-------- DATA FOR THIS TASK --------
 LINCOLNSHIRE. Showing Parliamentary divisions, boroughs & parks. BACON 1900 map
--------
-------- DATA FOR THIS TASK --------
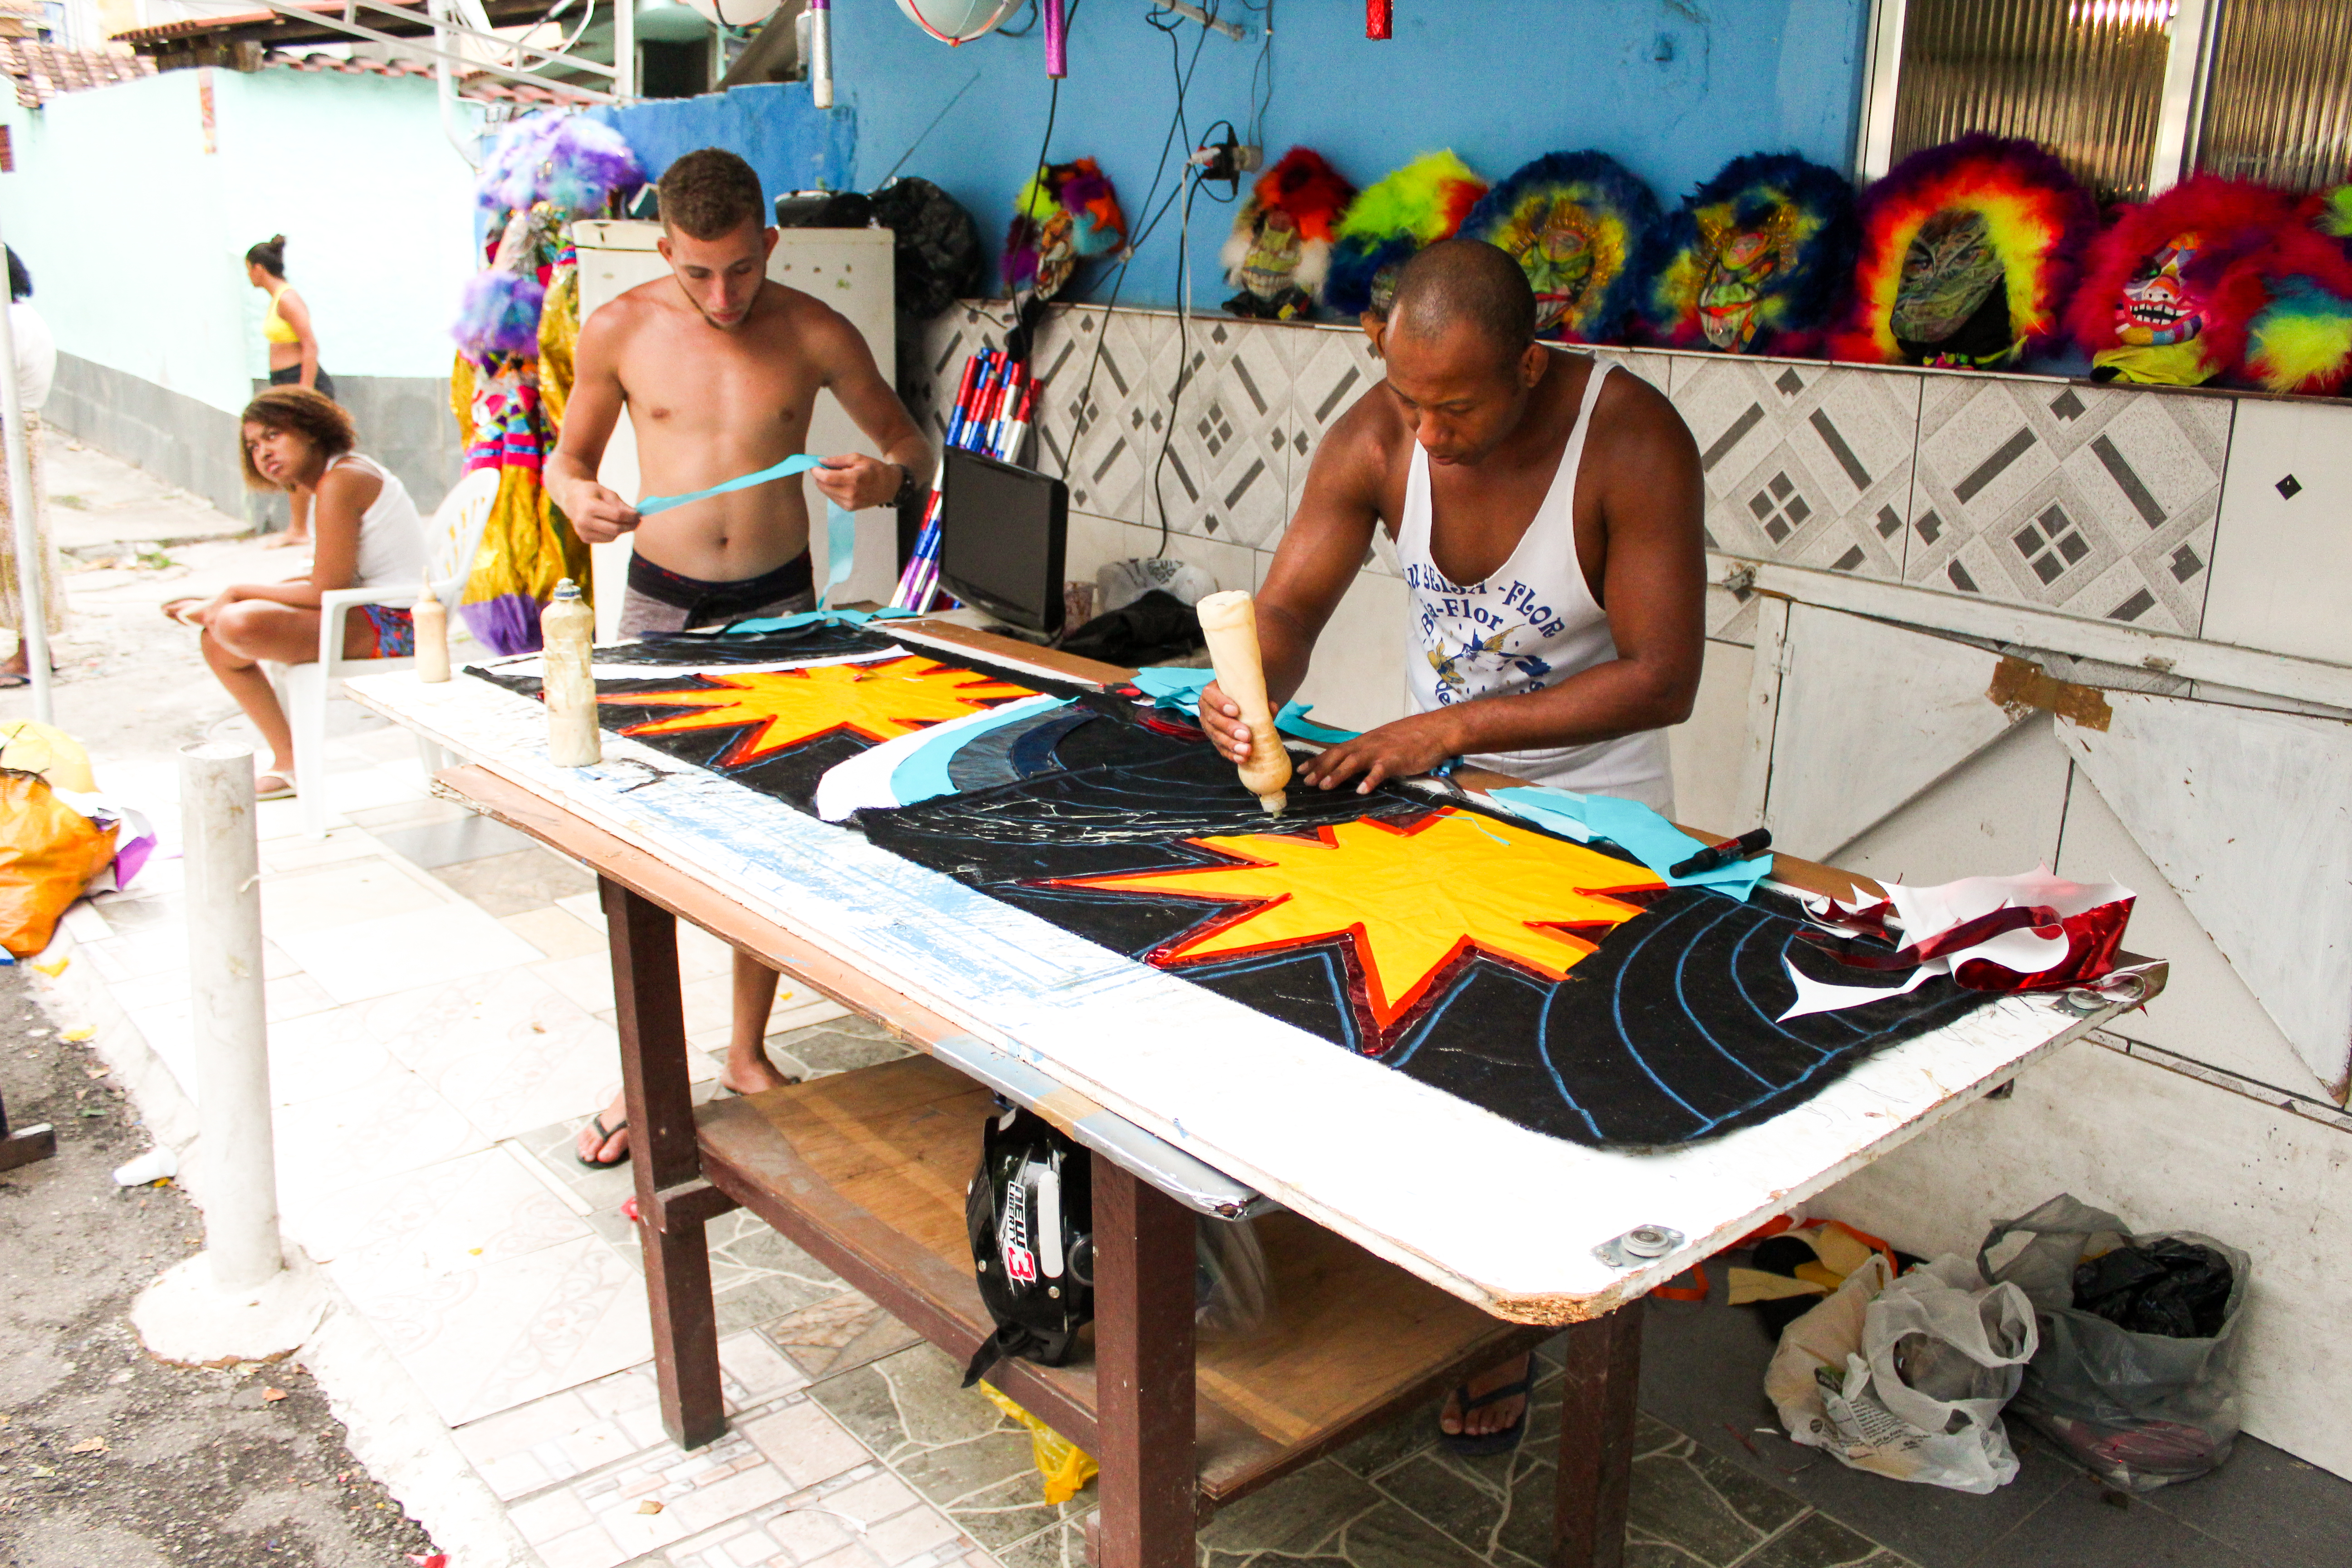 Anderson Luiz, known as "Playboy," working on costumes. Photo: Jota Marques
--------
-------- DATA FOR THIS TASK --------
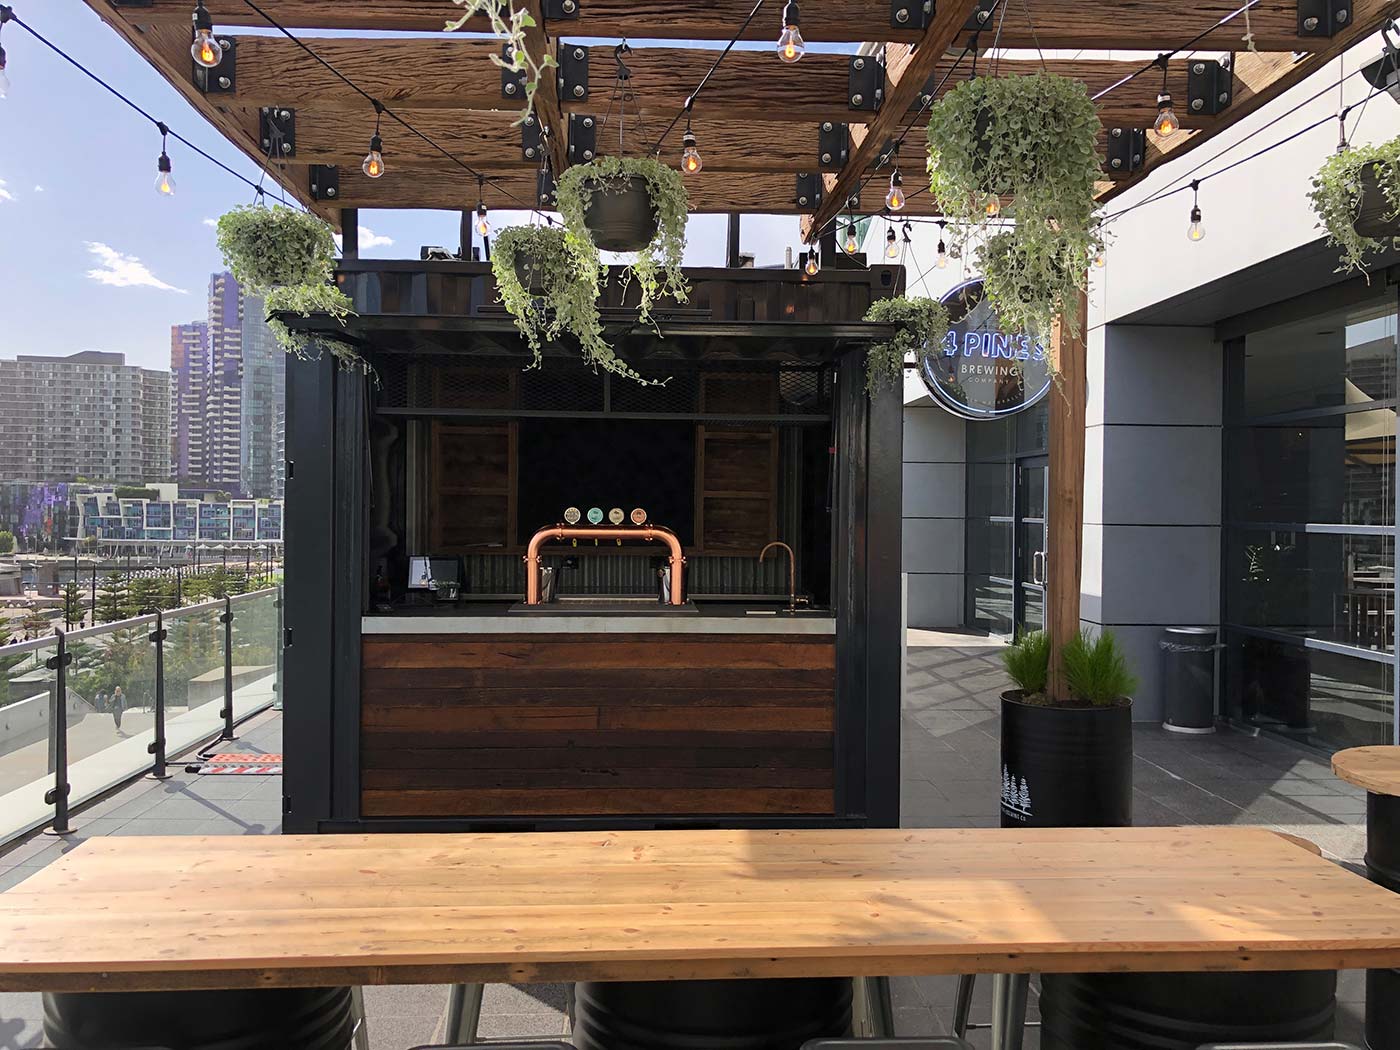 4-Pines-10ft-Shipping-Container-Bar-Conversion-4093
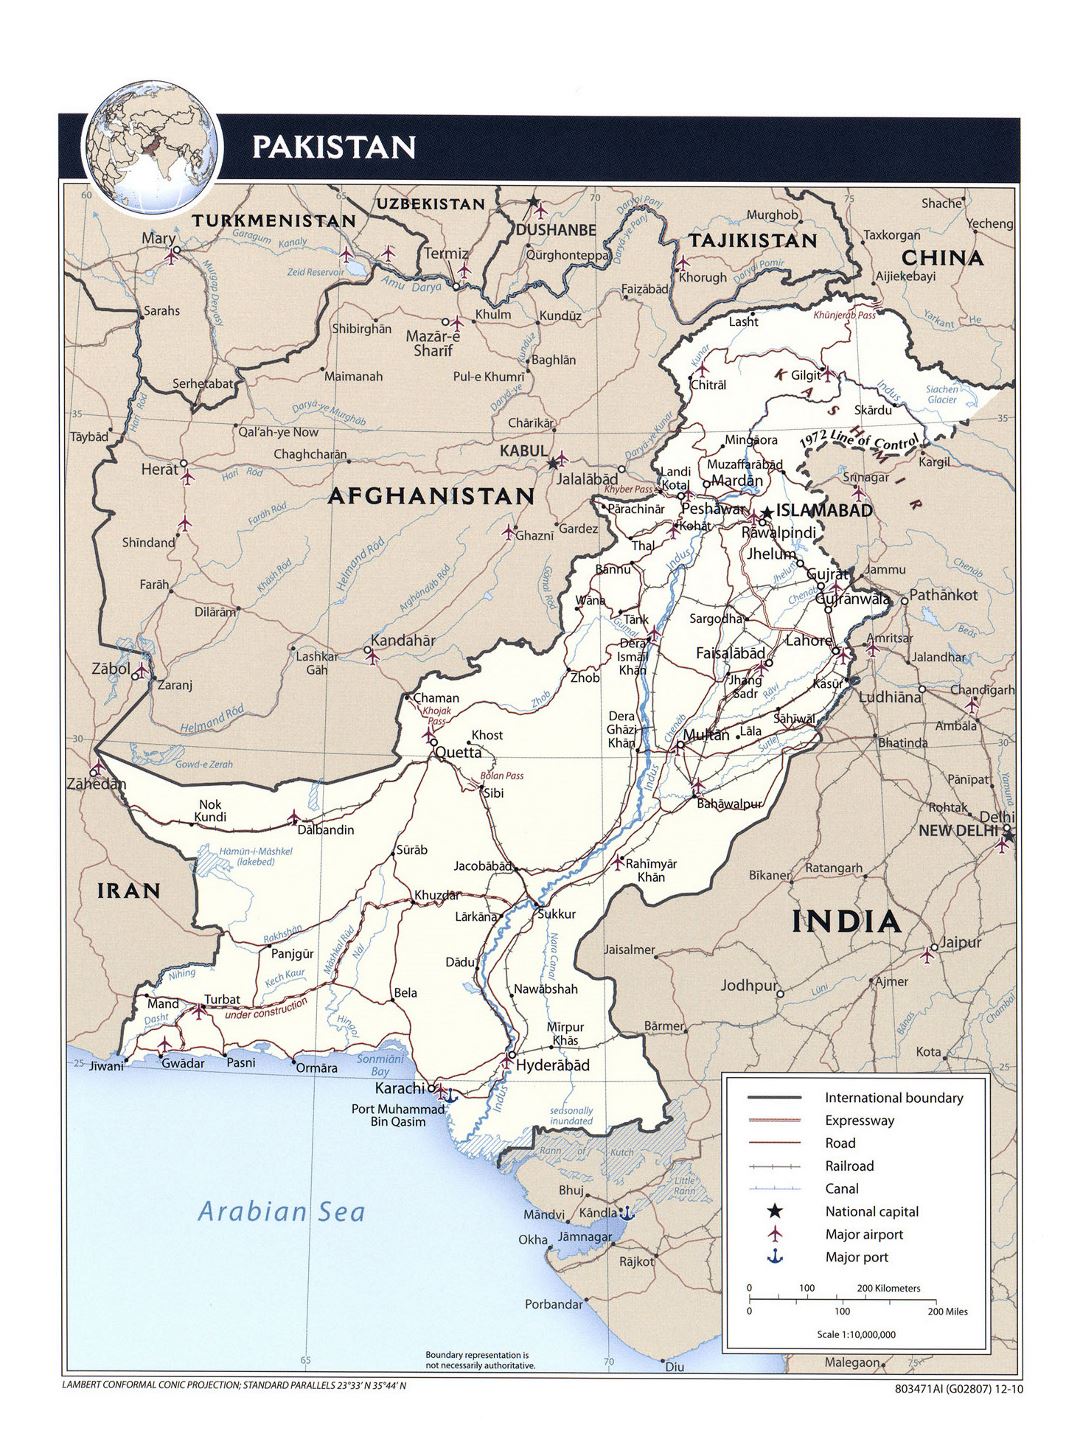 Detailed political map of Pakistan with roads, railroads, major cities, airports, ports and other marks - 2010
--------
■ EXERCISE DESCRIPTION
Copy exactly the part of the material above that opens with the line containing "4-Pines-10ft-Shipping-Container-Bar-Conversion-4093" and closes with the line containing "Detailed political map", ends included. Drop the images.

■ EXERCISE RESPONSE
 4-Pines-10ft-Shipping-Container-Bar-Conversion-4093
 Detailed political map of Pakistan with roads, railroads, major cities, airports, ports and other marks - 2010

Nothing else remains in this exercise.